En un caso raro, los Centros para el Control y la Prevención de Enfermedades (CDC) de EE. UU. confirmaron el 1 de abril que una persona en EE. UU. dio positivo por influenza aviar, también conocida como gripe aviar. Sin embargo, a pesar de la prueba positiva, los CDC dicen que el riesgo para el público en general sigue siendo bajo.
Los funcionarios de salud han estado rastreando un brote de influenza aviar altamente patógena desde surgió una nueva variante y comenzó a matar aves en varios continentes en 2020. Sesenta y siete países informaron brotes en 2022, según la Organización Mundial de la Salud (OMS), seguidos de otros 14 en 2023. Sin embargo, los casos en humanos siguen siendo raros. Sólo 11 infecciones resultantes de la cepa que circula actualmente han sido reportados globalmente desde 2021.
Desde enero de 2022, se han detectado virus de la gripe aviar entre más de 82 millones de aves en EE. UU. Según los Centros para el Control y la Prevención de Enfermedades. Más recientemente, los mamíferos en los EE. UU., incluidos vacas lecheras y cabras—han dado positivo.

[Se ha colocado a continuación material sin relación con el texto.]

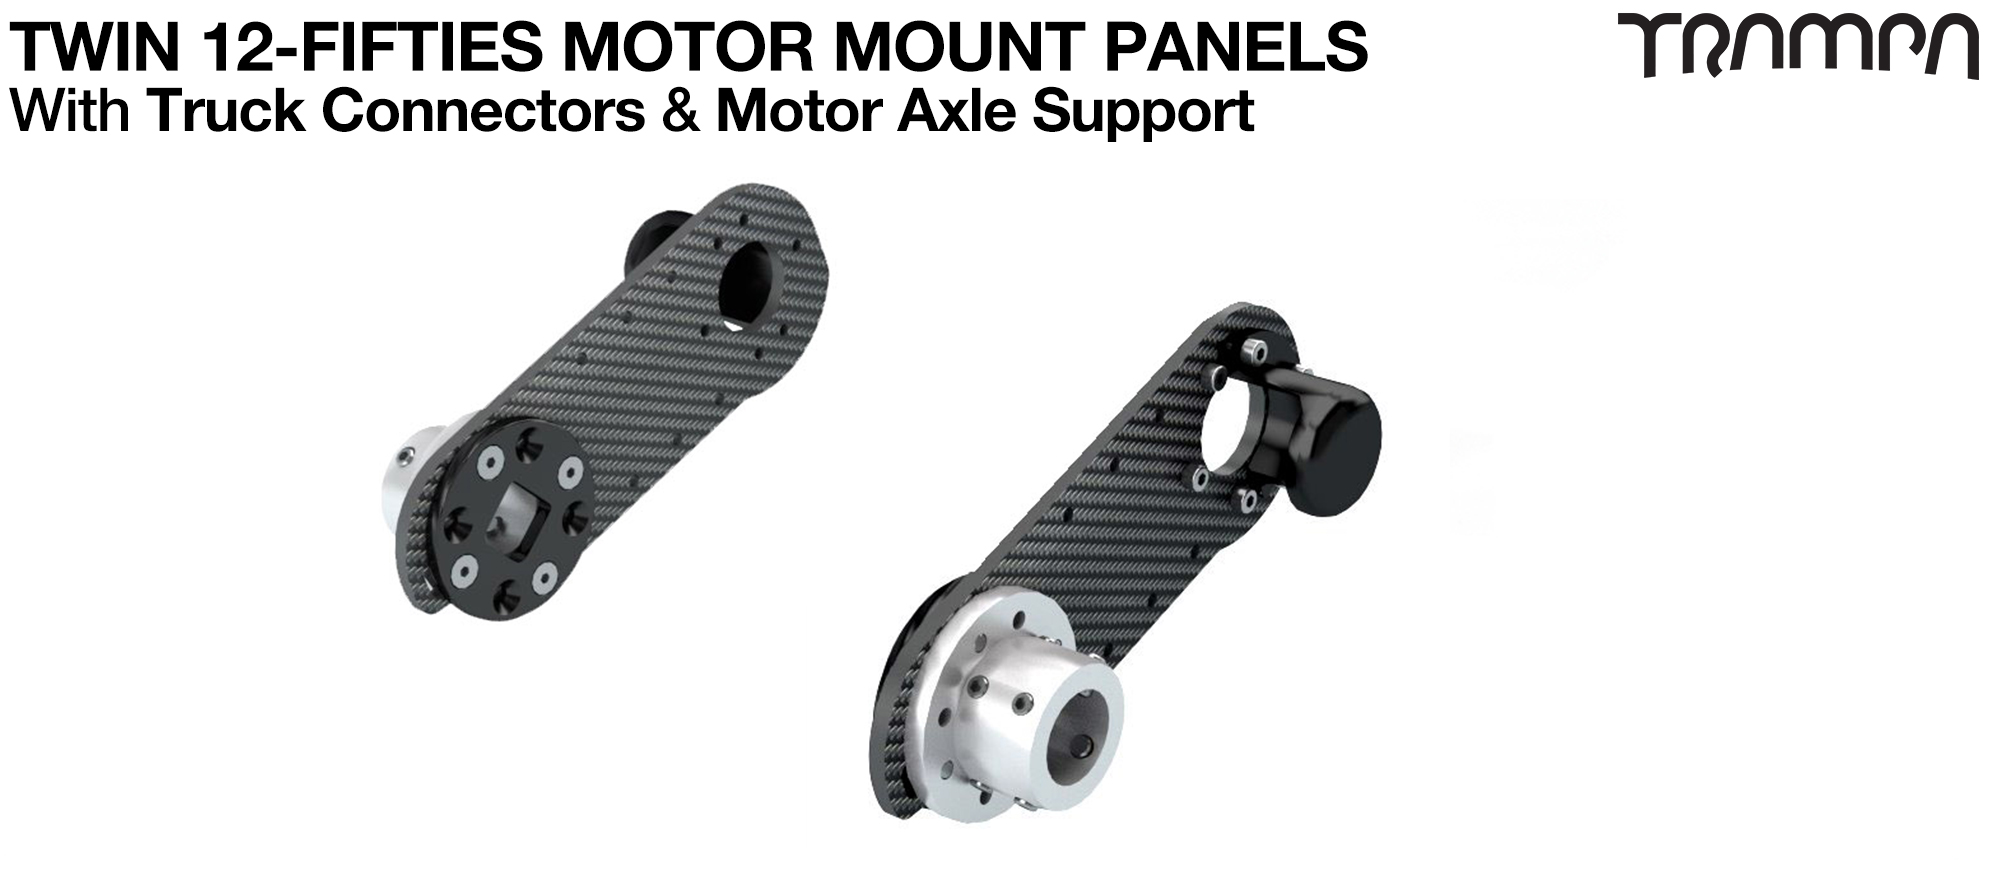 Original 12Fifties Truck Motor Mount Connector & Carbon Panel with Motor Axle support - TWIN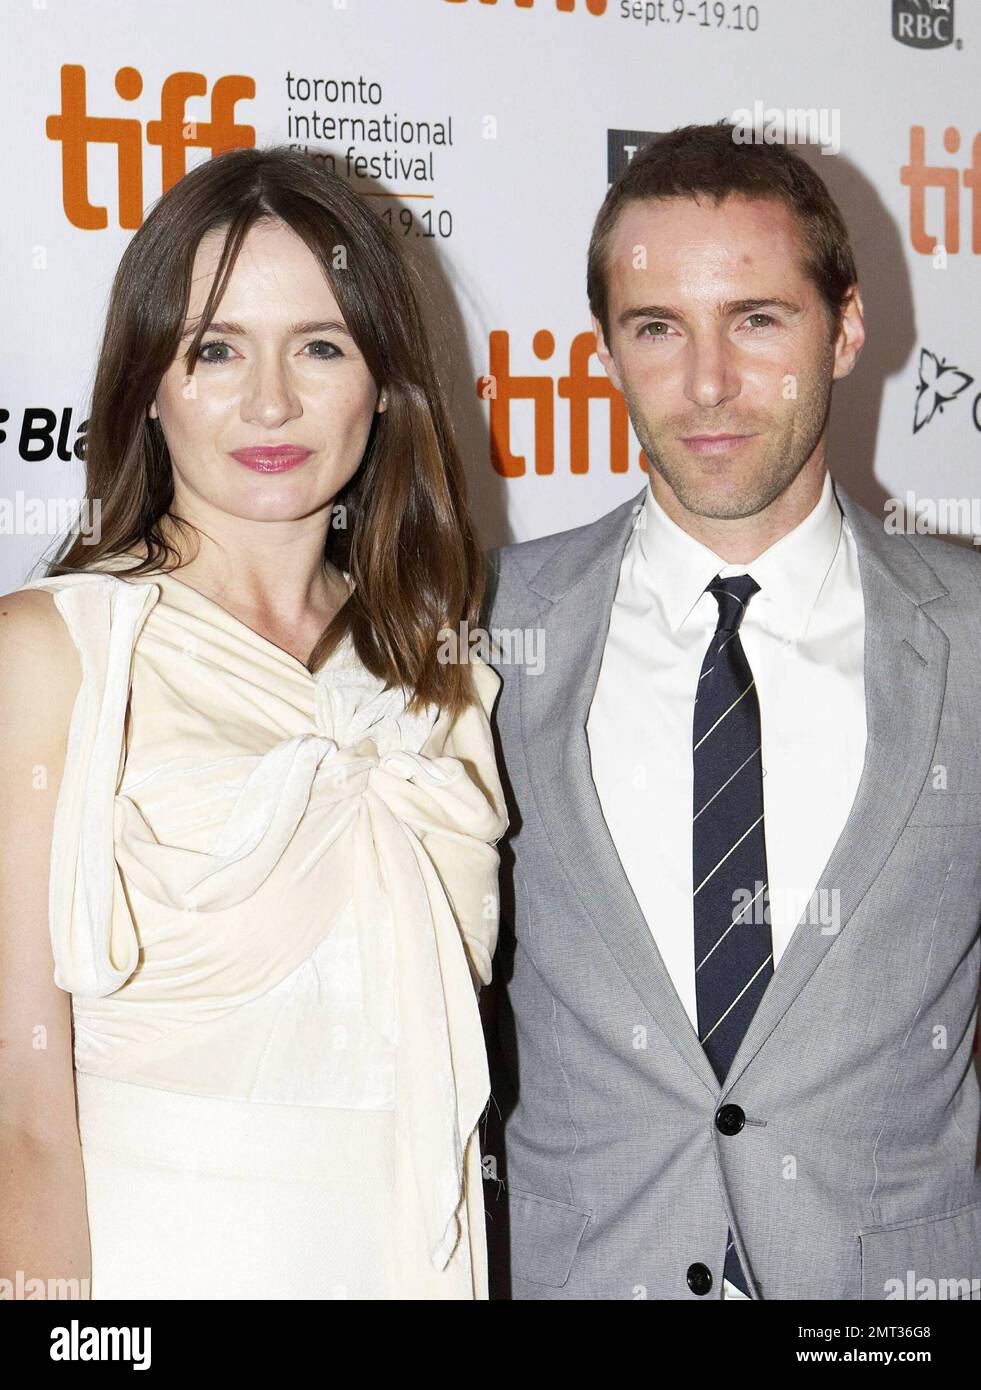 Actor Alessandro Nivola and wife, actress Emily Mortimer, arrive at the red carpet premiere of "Janie Jones" held at Roy Thomson Hall during the 35th Toronto International Film Festival. Toronto, ON. 09/17/10. Stock Photo

Según el anuncio de los CDC del 1 de abril, la persona que dio positivo tuvo contacto con vacas en Texas y se presume que tenía gripe aviar. Su único síntoma informado fue un enrojecimiento de los ojos similar a una conjuntivitis. Se les dijo que se aislaran y se están recuperando después de haber sido tratados con antivirales contra la gripe, que parecen funcionar contra el virus, dicen los CDC. (Sin embargo, las vacunas contra la gripe estacional no protegen contra la gripe aviar).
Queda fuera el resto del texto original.